Loraine considera que as pessoas, realmente, estão sentindo o que significa confinamento e tendo uma rotina relativa que mostra não ser possível trabalhar 14 horas por dia, atender a casa nas outras quatro e dormir nas horas restantes. É um momento de reavaliação pessoal e profissional.

Mesmo não sendo novo no direito do trabalho - está regulado na CLT desde novembro de 2017 (Reforma Trabalhista) -, o teletrabalho ainda enfrentava o receio da maioria das organizações. E por percorrerem um terreno que não dominam, muitas delas podem estar exigindo mais trabalho do que os colaboradores conseguem entregar. Este é o ponto negativo apontado por Loraine.

- Quanto mais incerto é o futuro, mais isso aciona a ansiedade das pessoas, e quanto mais incertas e mais ansiadas as pessoas ficam, mais no caos elas vibram, e menos a empresa tem condições de sair do modelo automático para ter uma produção melhorada. Prova de velocidade e prova de resistência são conjuntos de soft skills (habilidades que destacam profissionais) distintos - pondera.

Entre 2017 e 2018, trabalhar em casa ou até mesmo em outros espaços, como o coworking, cresceu 21,1%, segundo o Instituto Brasileiro de Geografia e Estatística (IBGE). Já o estudo "Tendências de Marketing e Tecnologia 2020: Humanidade Redefinida e os Novos Negócios", desenvolvido por André Miceli, coordenador do MBA em Marketing e Inteligência de Negócios Digitais da Fundação Getulio Vargas, prevê crescimento de 30% do home office no Brasil após a pandemia. O e-commerce e o ensino a distância devem crescer 30% e 100%, respectivamente. A análise sugere ainda que líderes sejam encorajados a pensarem, revisarem seus processos internos, testarem e compreenderem que a tecnologia é, "cada vez mais, um ativo humano".

Empatia

Para a presidente da Associação Brasileira de Recursos Humanos seccional Rio Grande do Sul (ABRH-RS), Crismeri Delfino Correa, o home office como único recurso possível neste momento está oportunizando ao gestor conhecer o colaborador globalmente, desde como é a casa dele até curiosidades da vida particular, tudo por meio da tela do computador. Esta é uma forma, sustenta Crismeri, do líder ter mais empatia com o funcionário.
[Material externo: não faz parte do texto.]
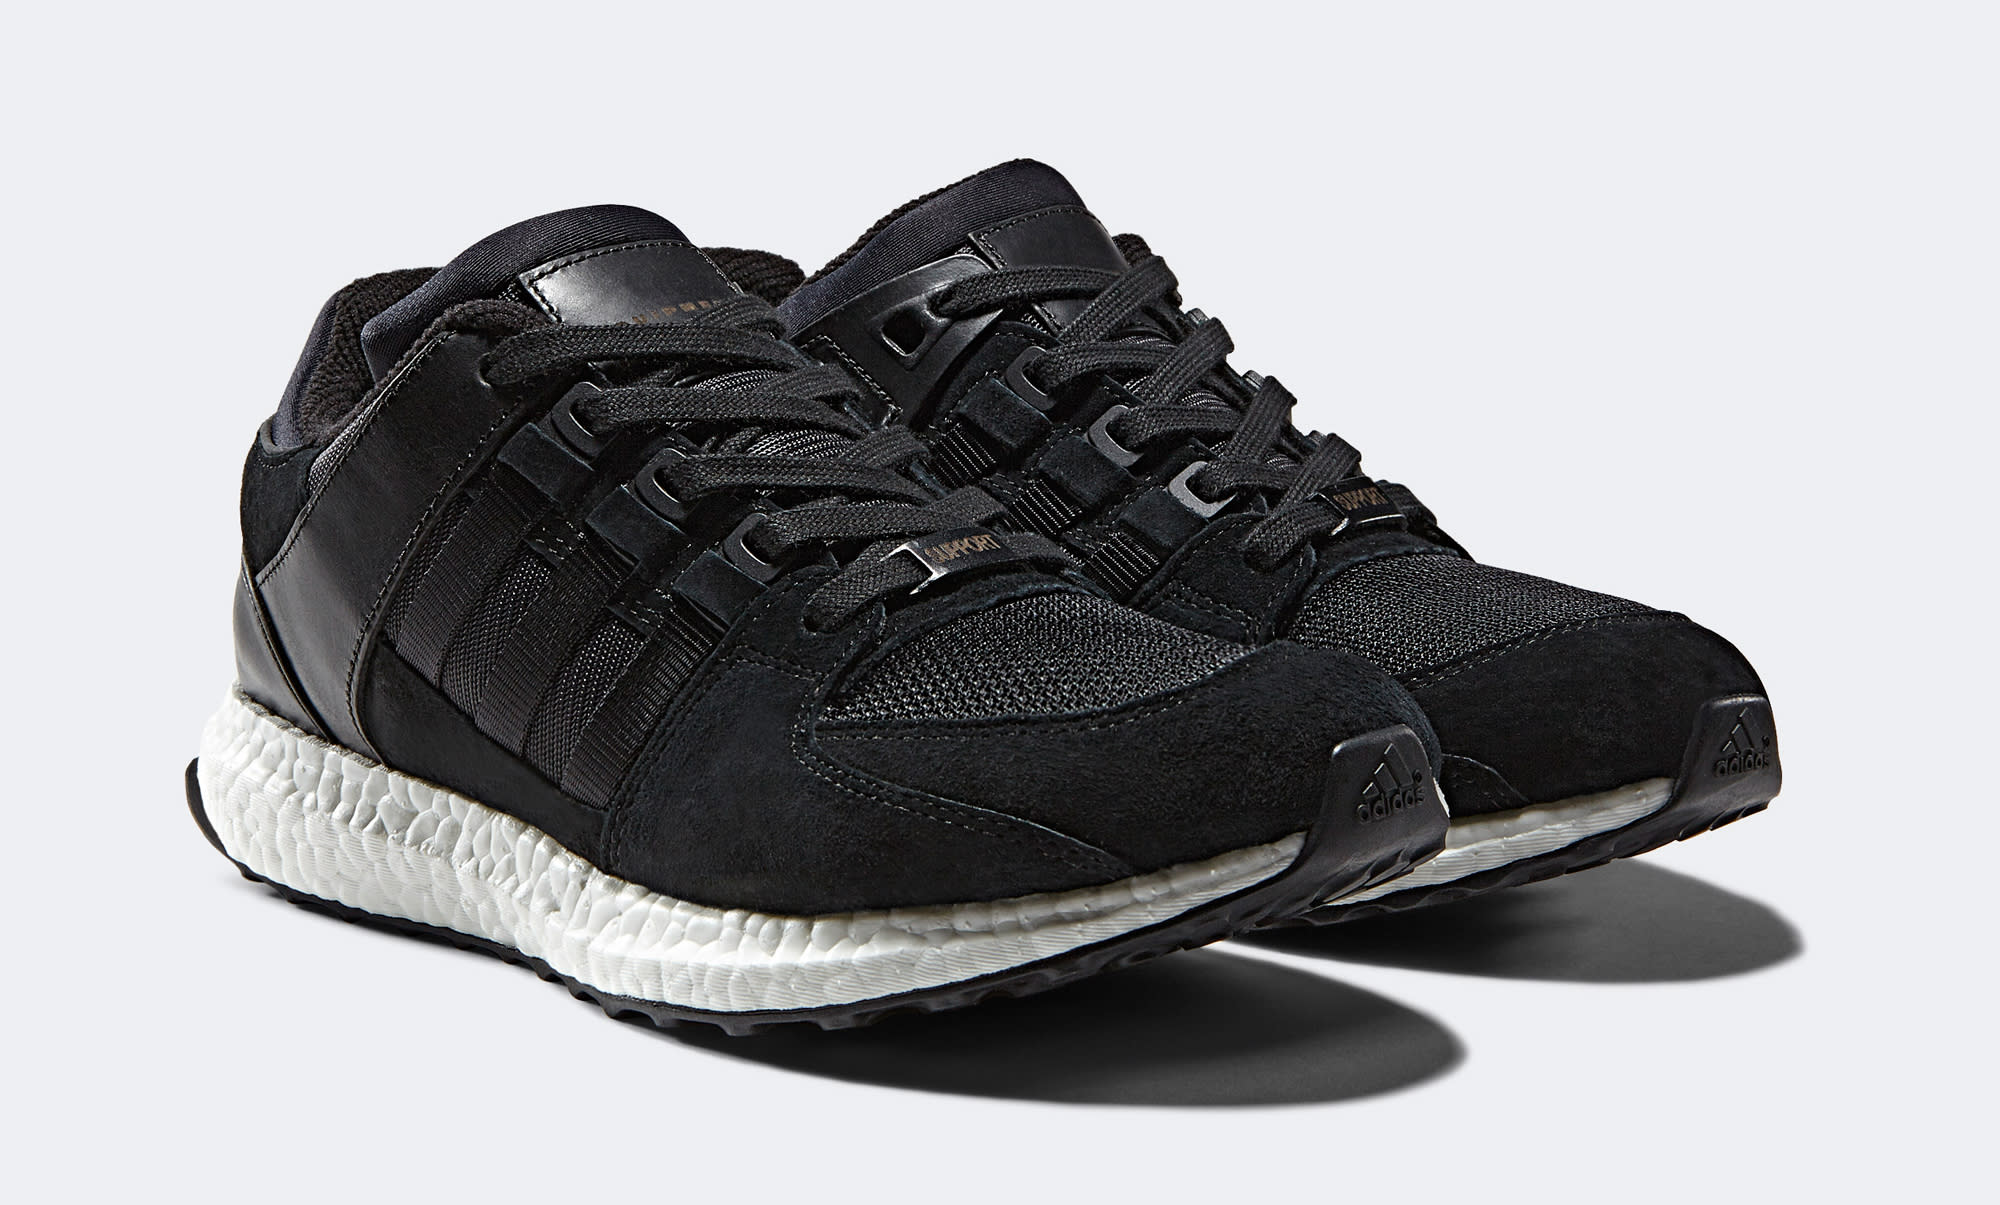 Adidas EQT Milled Leather Pack 7

Tanto Loraine quanto Crismeri sugerem segmentos que podem adaptar-se com facilidade ao trabalho remoto. Entre os principais, estão jornalismo, publicidade, desenvolvimento de sistemas, docência, pesquisa, vendas, advocacia, contábeis e bancos. Com mais pessoas atuando de casa, completam, o sistema de logística e telentrega deve ser ampliado, mas com mais organização.

De acordo com a advogada Patrícia Alves, sócia da área trabalhista no escritório de advocacia Souto Correa Advogados, o teletrabalho deve estar expressamente previsto no contrato de trabalho. Para empregados que atuam presencialmente, a mudança deve ser acordada entre empresa e empregado e registrada em um termo aditivo.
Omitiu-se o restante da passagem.